Future of Silo and the Rise of the ‘Siloverse’
Silo isn’t just a restaurant - it’s the heart of what Doug calls the ‘Siloverse’, a growing ecosystem of circular economy projects and radical food system ideas.
Doug explained: “I think we’re heading toward specialisation. Fermentation is a huge one - it’s such a vast subject. We’ve opened a fermentation factory, which is a massive project. At first, we thought: we’ll grow koji and use it to fix food waste on an industrial level - like making soy sauce from waste bread or miso from spent brewers' grain. Then put those products back into the food system. That’s one specialisation, and there will be more.”
“I see Silo expanding through these offshoots - whether it's opening a glass pottery to turn wine bottles into plates or tiles, or other self-contained systems. That’s the Siloverse. We’re creating a whole ecosystem of circular solutions.”
Challenges
He added: “It would be irresponsible to say we’ve never had challenges or setbacks. Waste is messy. The system isn’t perfect. We still recycle - glass is a big one - and my dream is to one day eliminate that too. I’d love to have everything served from taps, and turn the few glass bottles we do get into plates or tiles. That’s not recycling - that’s upcycling. But it’s a lifetime’s work.
“What we’ve never had is a general waste bin. No black bags of non-circular materials. If we do make mistakes - like someone sending us plastic packaging by accident - we don’t sneak it out the back. We keep it. We use it as a memento. A reminder. We own our mistakes because that’s how you learn. I’d rather be transparent about our flaws than pretend we’re perfect.

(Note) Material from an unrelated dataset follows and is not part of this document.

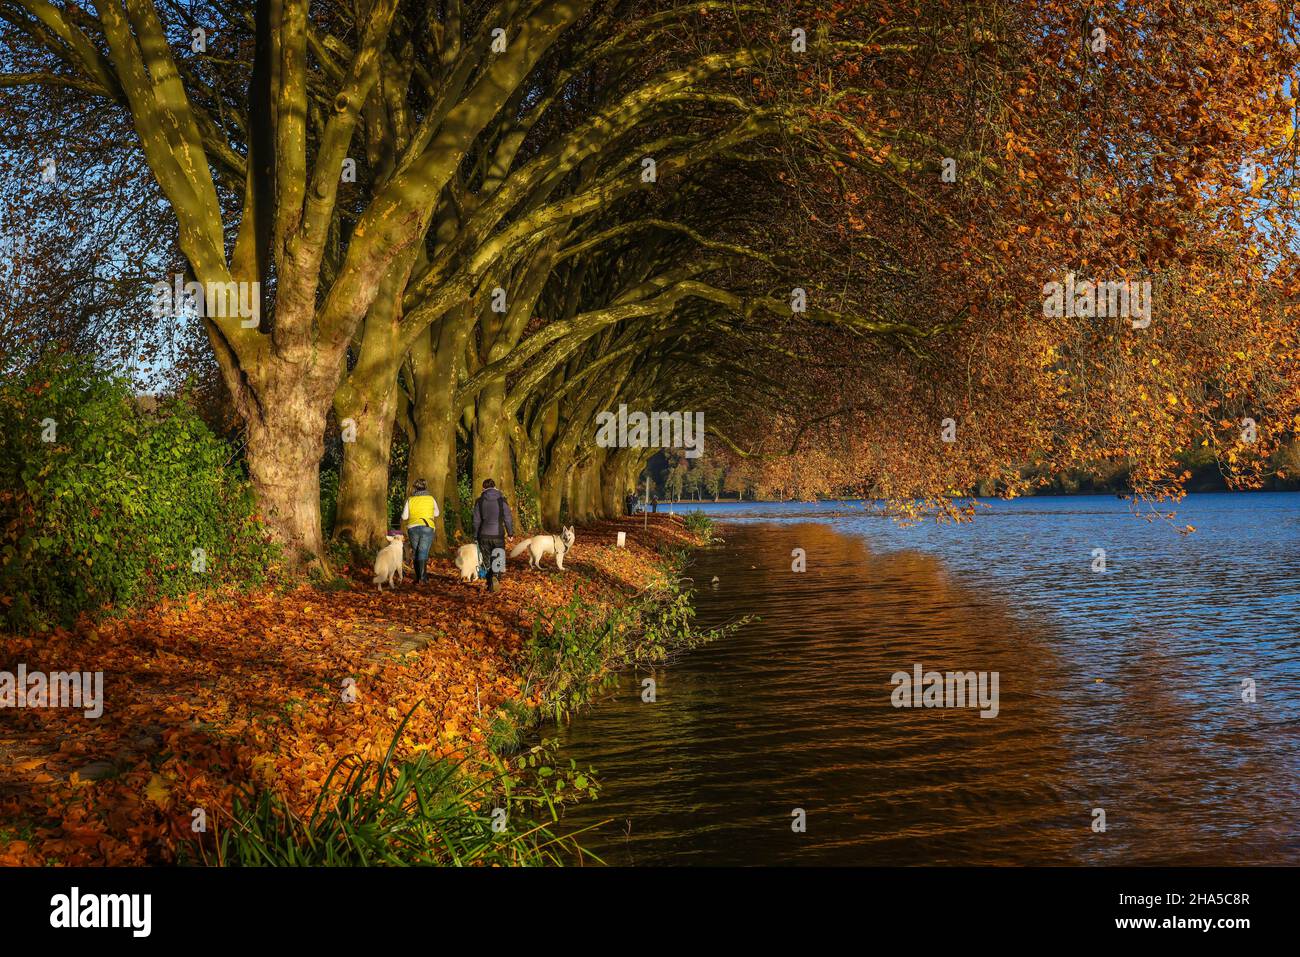 essen, Nordrhein-westfalen, deutschland - Hundebesitzer wandern am Seeufer unter Bäumen mit Herbstblättern. goldener Herbst am baldeneysee. Stockfoto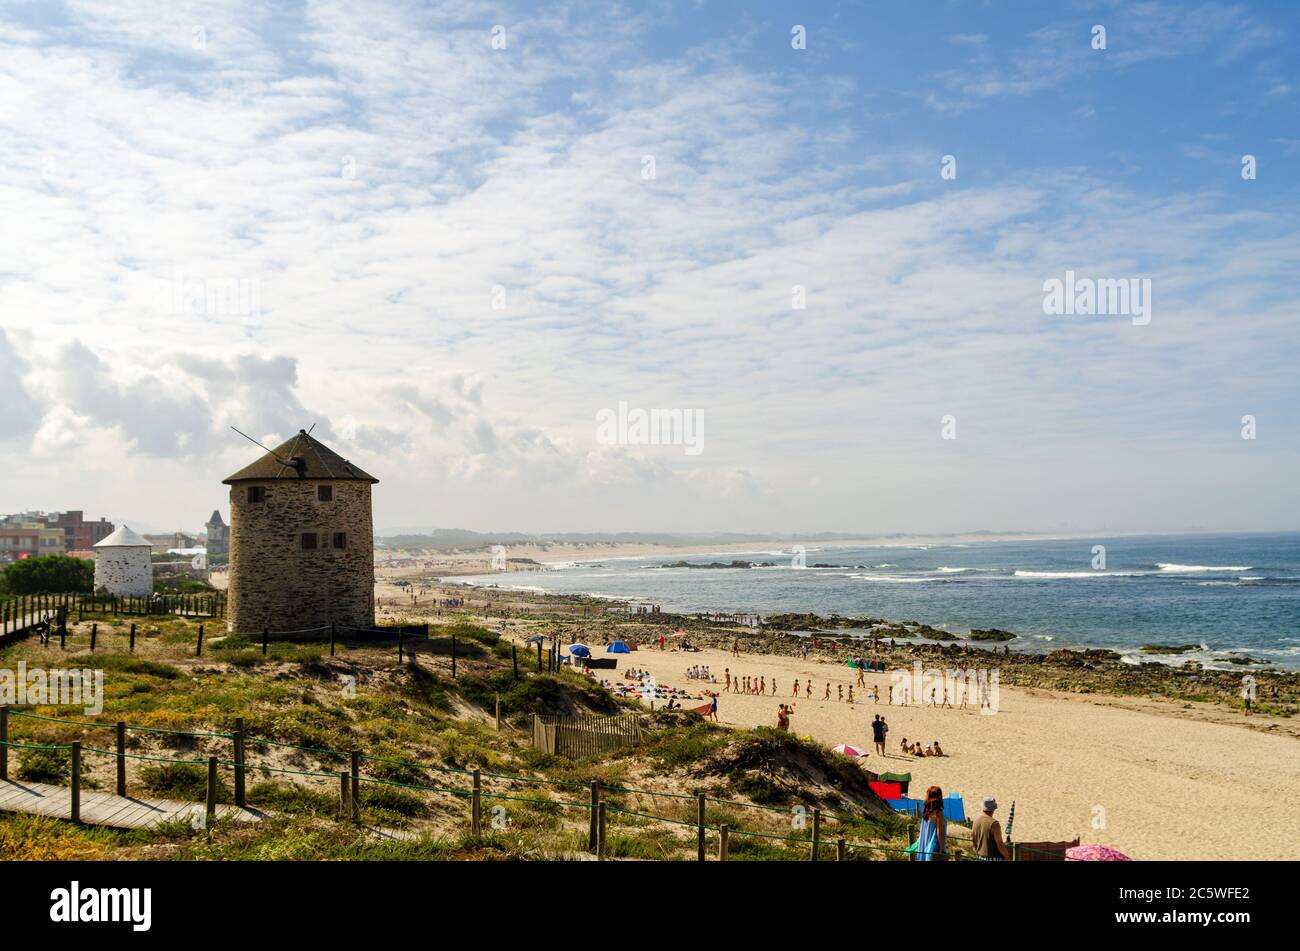 Portugiesische Mühle Häuser in den Dünen von einem Strand voll Von Touristen am Meer in Apulien während des sonnigen Sommers Wetter Stockfoto

“Perfection is a myth in this industry. Look at the world of Michelin, cookbooks - everyone’s presenting themselves as perfect. But we’re not. I’d much rather be honest, imperfect, and human.”
If he could do it all again
Doug added: “If I could go back and have dinner at Silo on opening night, I’d say: ‘You’re mad.’ I’d say, ‘Fortune favours the brave, but you’re walking the path of most resistance. If you’re not prepared to suffer, you’re going to fail.’ What we were doing was change, and change is hard.
“Innovation brings challenges, friction, instability, stress, and tears. You can’t change the system without encountering massive resistance. The commercial world understands what it already knows. When you present something unrecognisable, you’re going to get less bookings. People won’t know what to make of it. Staff might join with the wrong expectations. It will be hard. The more you innovate, the more you struggle. But that’s the price of progress.”